Murray: This will be our 12th year doing it — it doesn’t feel like that (chuckle), but the years seem to go by faster and faster.

Q: Just out of curiosity, do you perform the songs the way they are on the albums?
Murray: Ah, not usually; we tend to recreate what they did live — the arrangements that they did live are the ones that we play. Sometimes for private events when the venue is really small, we’ll do album version because most of the time Ringo was a little more tame in the studio, but when he played live he really smashed on those drums. We have groomed our drummer into a live Ringo drummer: everything’s louder, the fills are a little more aggressive. Ringo had a couple of lessons when he was younger and his teacher was a big band drummer, so all his fills are oriented from a big band state of mind … that was very unique for any rock ’n’ roll drummer at that point. In the early days he was really the driver of the band so we try to emulate that in the show.

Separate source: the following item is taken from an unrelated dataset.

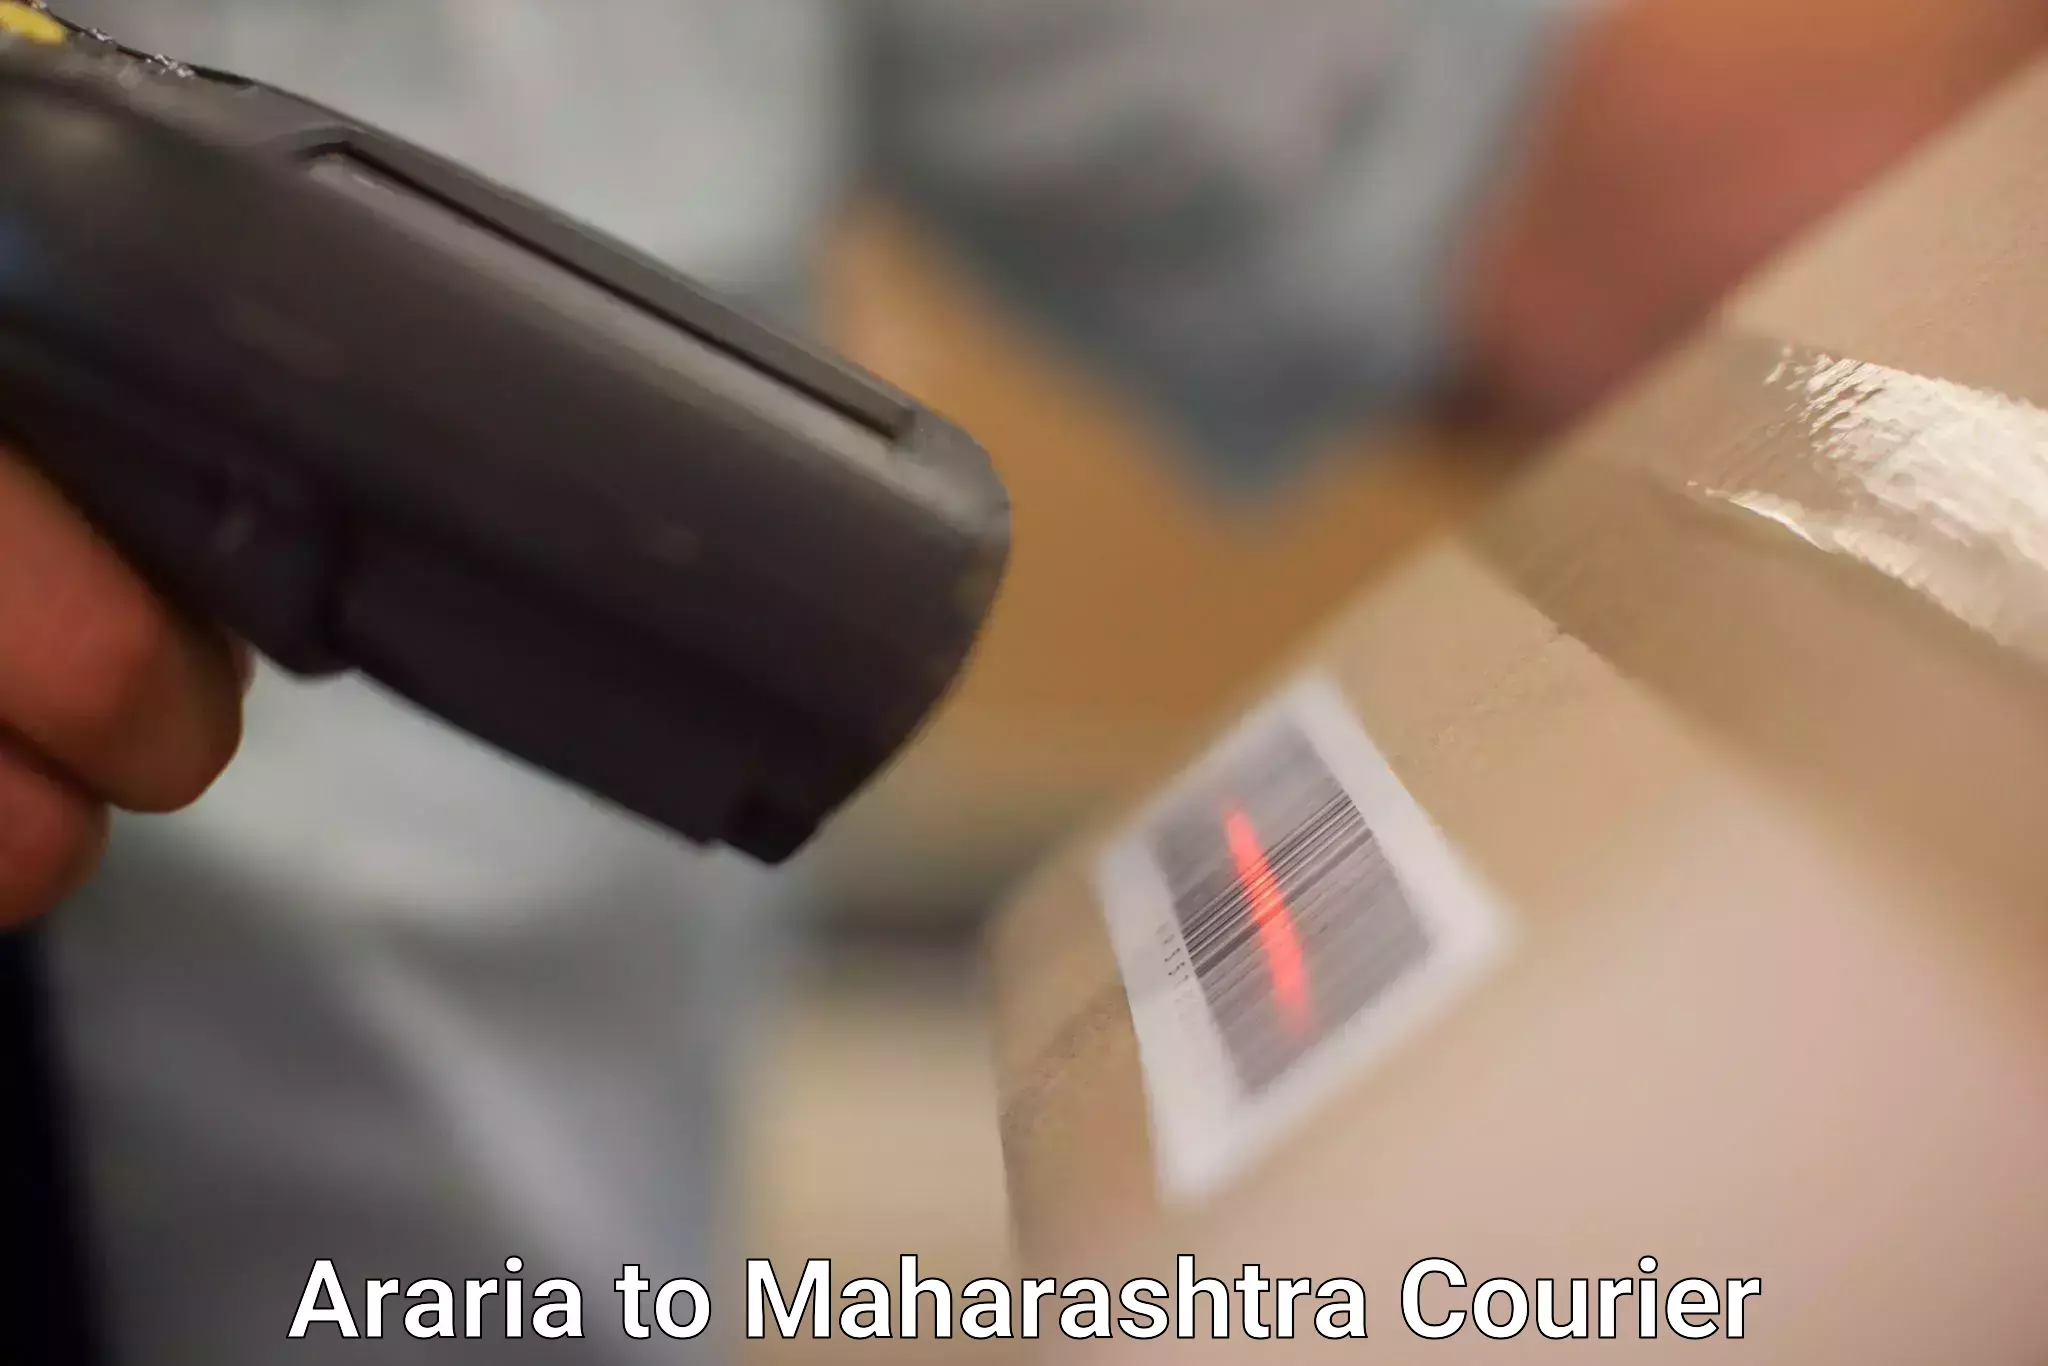 Courier service booking Araria to Homi Bhabha National Institute Mumbai

Q: That’s something I didn’t know, thanks for the enlightenment. Now this might seem to be a silly question but what can folks expect from your show at One Longfellow Square?
Murray: (Laughter) Hey, no worries! What can they expect? Well, four guys in matching suits, Beatle boots, period-correct instruments — we’re going to refer to each other as John, Paul, George and Ringo. We may not make references to modern times because we try to take the audience back in time, hopefully, and if they lived during that period or whatever memories they have of the Beatles we try to recreate that for them with this show. They will get to hear songs from the first six albums along with the rock ’n’ roll songs they covered, like Chuck Berry, Carl Perkins and Buck Owens. The first four albums had a lot of covers on them so we’ll do all those plus some that were never released on official albums.

Q: Well, that’s cool. Do you happen to have any other shows up here in Maine in the future?
Murray: We are going to be in Maine quite a bit this year — we’re actually going to be in Maine on Sunday the 28th at the Waldo Theater in Waldoboro.

Q: Have you played there before?
Murray: No, it’s our first time, and it’s a matinee show, a 2-4 p.m. event, and between spring and summer we have a lot of shows in Maine. Maine has become the most popular state for us, too. In fact, the biggest crowds are in Maine and the best audiences are in Maine.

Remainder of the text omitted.